* _EXERCISE REQUIREMENTS_
Repeat verbatim what the listing holds, but not its pictures.

* _DATA_

◆ ◆ ◆ ◆ ◆ ◆ ◆

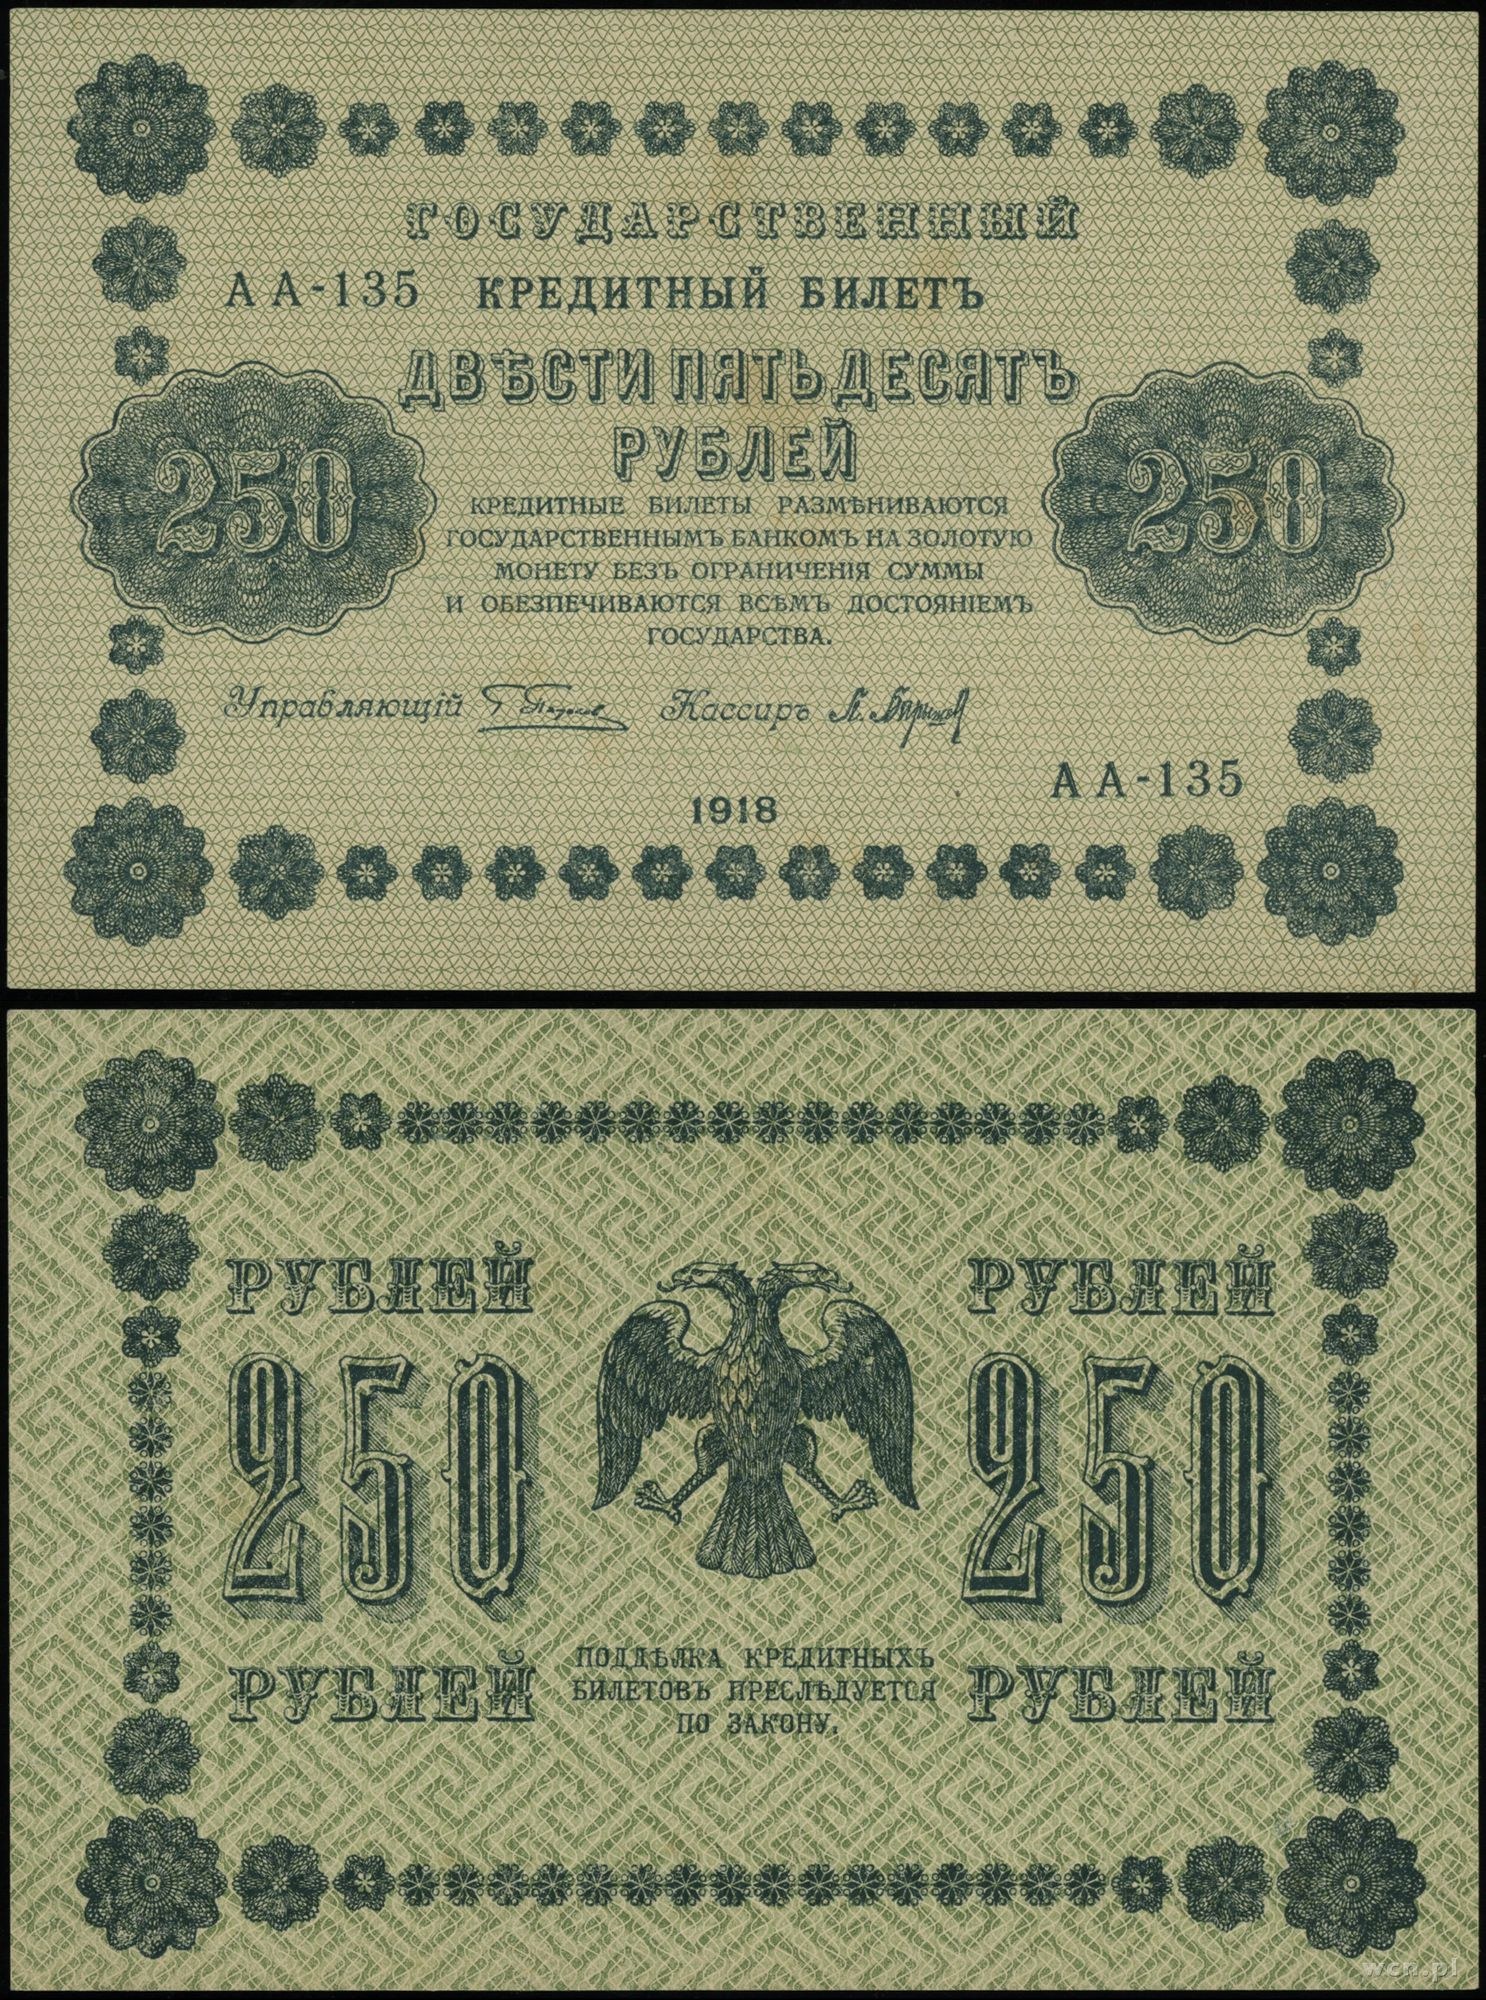 Двести пятьдесят первого. 250 Рублей 1918 года. Банкнота 250 рублей 1918. Купюра 250 рублей 1918 года. Бумажные рубли 1918 года.
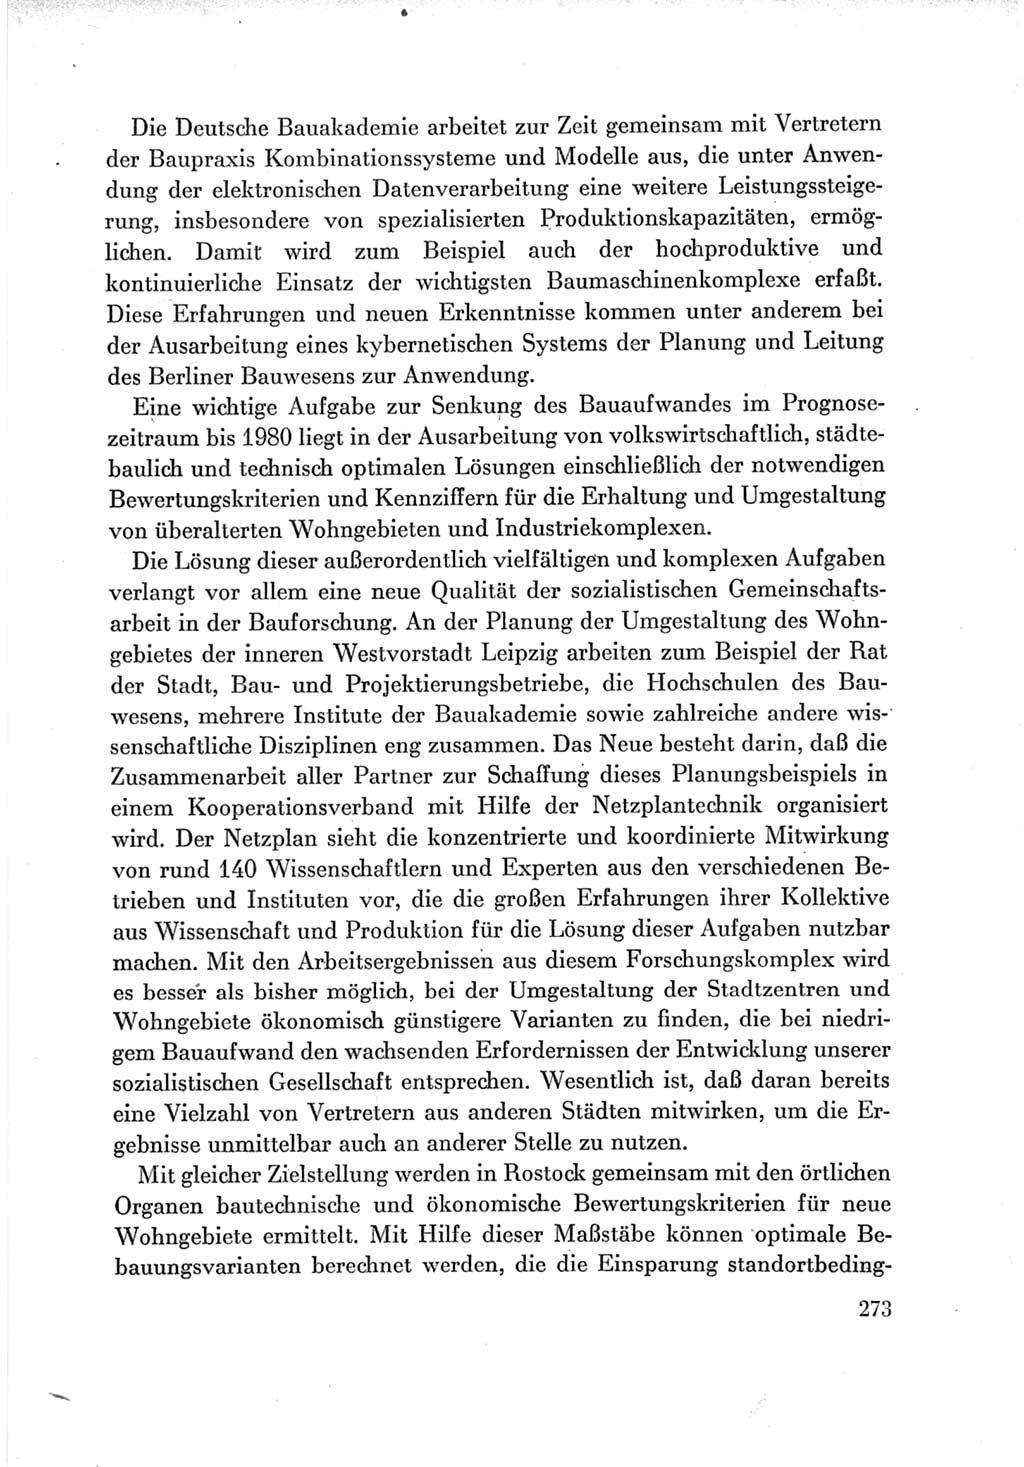 Protokoll der Verhandlungen des Ⅶ. Parteitages der Sozialistischen Einheitspartei Deutschlands (SED) [Deutsche Demokratische Republik (DDR)] 1967, Band Ⅲ, Seite 273 (Prot. Verh. Ⅶ. PT SED DDR 1967, Bd. Ⅲ, S. 273)
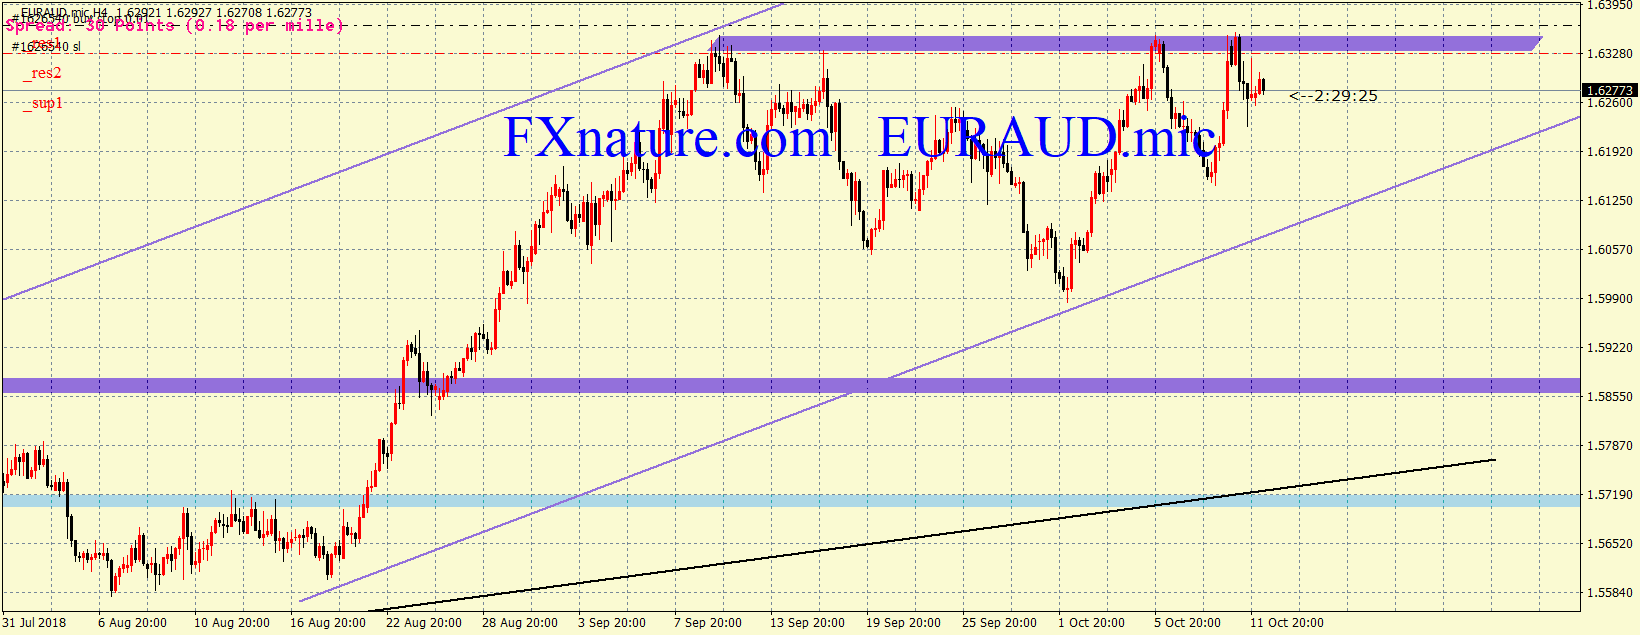 یورو دلار استرالیا

◆ ◆ ◆ ◆ ◆ ◆ ◆

* _FINISHED TASK_
 Двести пятьдесят первого. 250 Рублей 1918 года. Банкнота 250 рублей 1918. Купюра 250 рублей 1918 года. Бумажные рубли 1918 года.
 Protokoll der Verhandlungen des Ⅶ. Parteitages der Sozialistischen Einheitspartei Deutschlands (SED) [Deutsche Demokratische Republik (DDR)] 1967, Band Ⅲ, Seite 273 (Prot. Verh. Ⅶ. PT SED DDR 1967, Bd. Ⅲ, S. 273)
 یورو دلار استرالیا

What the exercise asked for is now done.